Javier Agüero Águila, doctor en Filosofía y académico de la Universidad Católica del Maule.
¿Cómo hacer memoria de lo que ya no es?, ¿de qué forma damos vida al muerto/a o al desaparecido/a en nosotros? Se piensa que la memoria tendría una posibilidad en la órbita imposible del duelo jamás terminado. El duelo imposible hace posible el duelo mismo y nos transforma en emisarios, en los recaderos de una herencia que no podemos evitar en el transcurso de una vida histórica. Así, la aporía es que no hay duelo posible sino ahí donde éste es imposible, y “Lo imposible aquí es el otro, tal como nos llega […]” (J. Derrida).
¿Cómo pensar este duelo imposible sin pensar en los millones de muertos y desaparecidos del siglo XX, en todo el mundo, que han sido objeto de la enajenada violencia de criminales? Pensar en aquellos, las y los deudos, que no han tenido la posibilidad de erigir una sepultura y que entonces no han podido posicionar sus recuerdos sobre la tumba; una tumba sin nombre, que no ha sido aún construida, ni pensada, cuya madera aún no es tallada y que, en definitiva, no existe para esos muertos desaparecidos. Por eso, contradictoriamente, lo que se pidió en Chile después de la dictadura fue información más que justicia, paraderos más que procesos judiciales. Por cierto, que todo esto es más allá de las instituciones que pretenderían restituir de alguna forma, a veces hasta materialmente, el duelo que no pudo desplegarse.

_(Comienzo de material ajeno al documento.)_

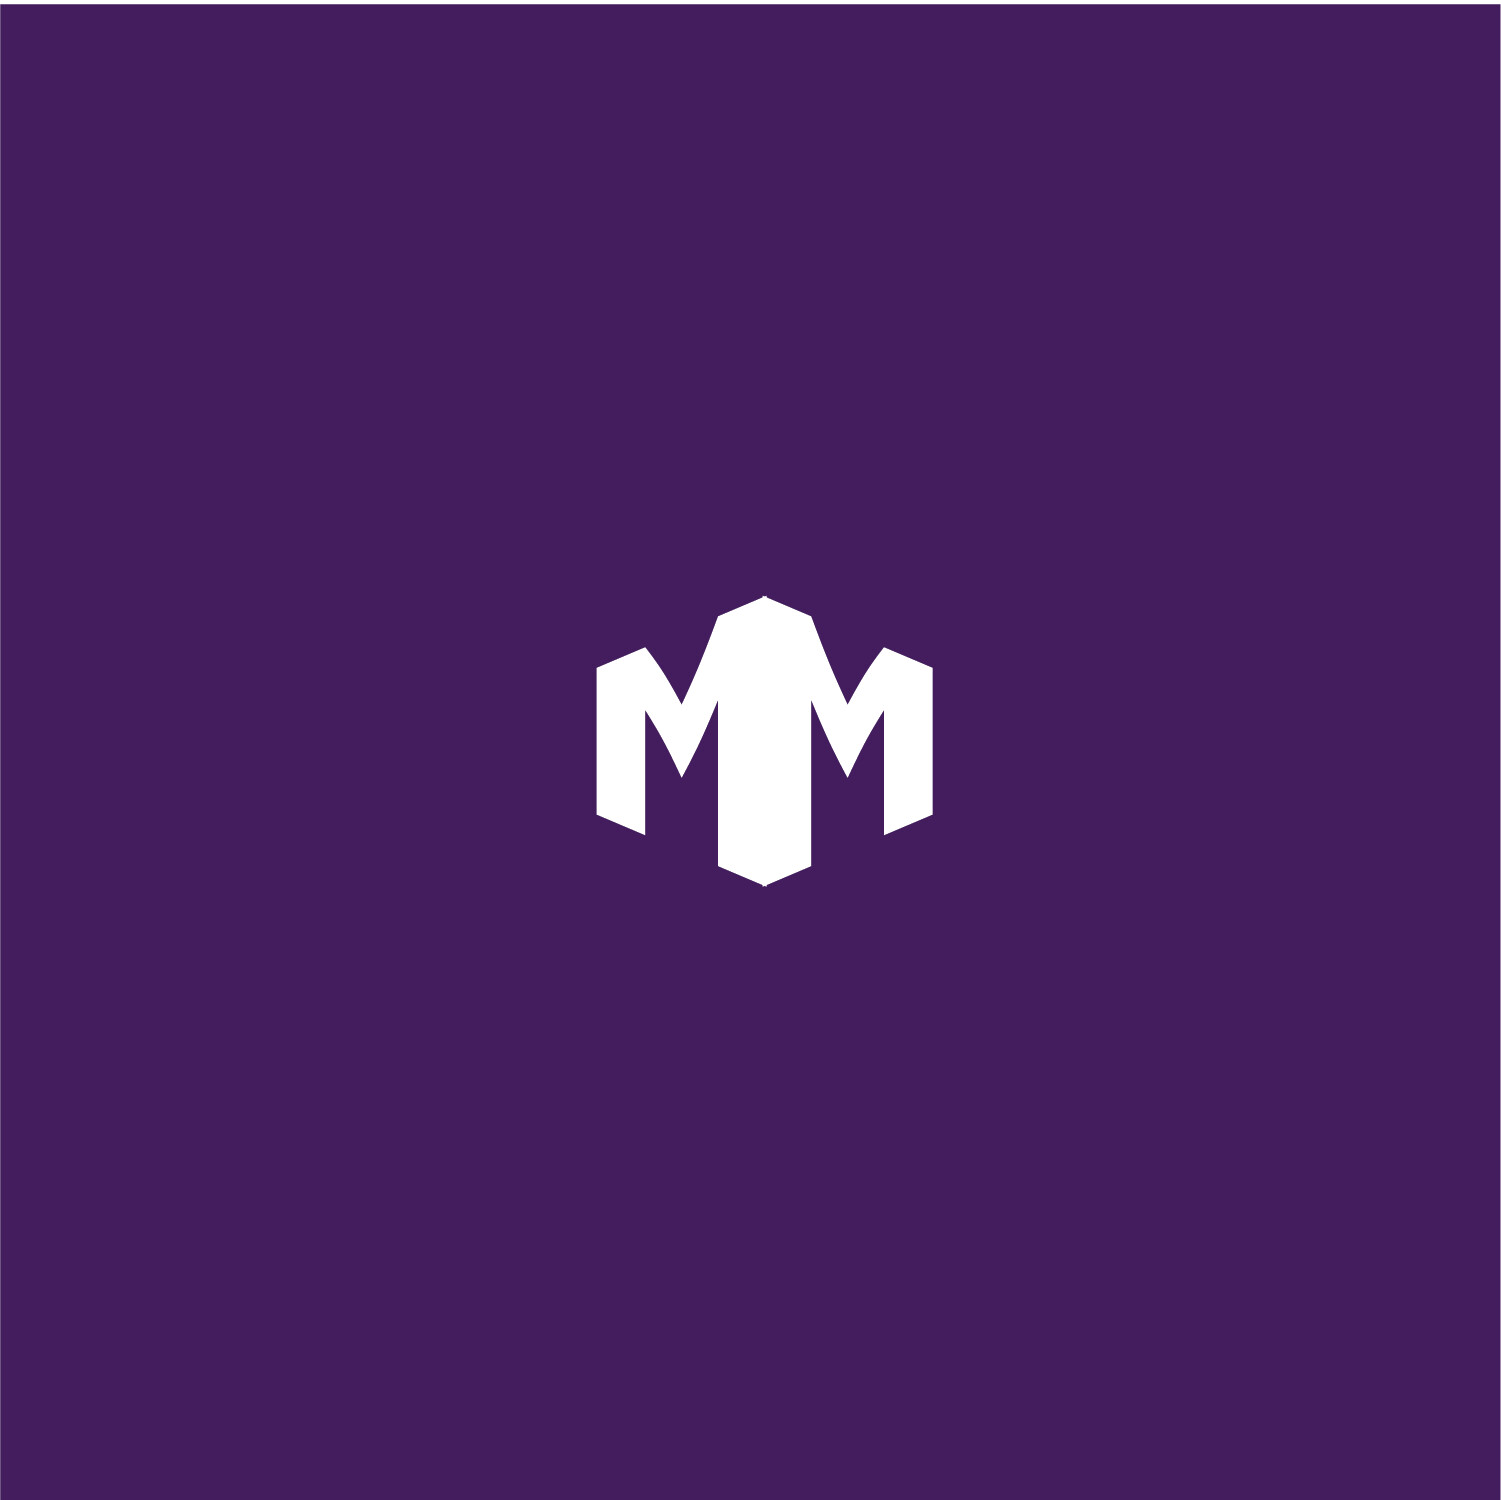 TP Graphics - Double M logo concept

En este sentido es que “La ‘norma’ no es sino la buena conciencia de una amnesia” (J. Derrida). No puede haber instituciones políticas del duelo. El duelo es un “motivo” de lo imposible y es “justamente” lo imposible lo que está en juego.
¿Qué hay de Antígona o qué tendría que ver ella con los muertos/ o desaparecidos/a por la violencia política y el duelo?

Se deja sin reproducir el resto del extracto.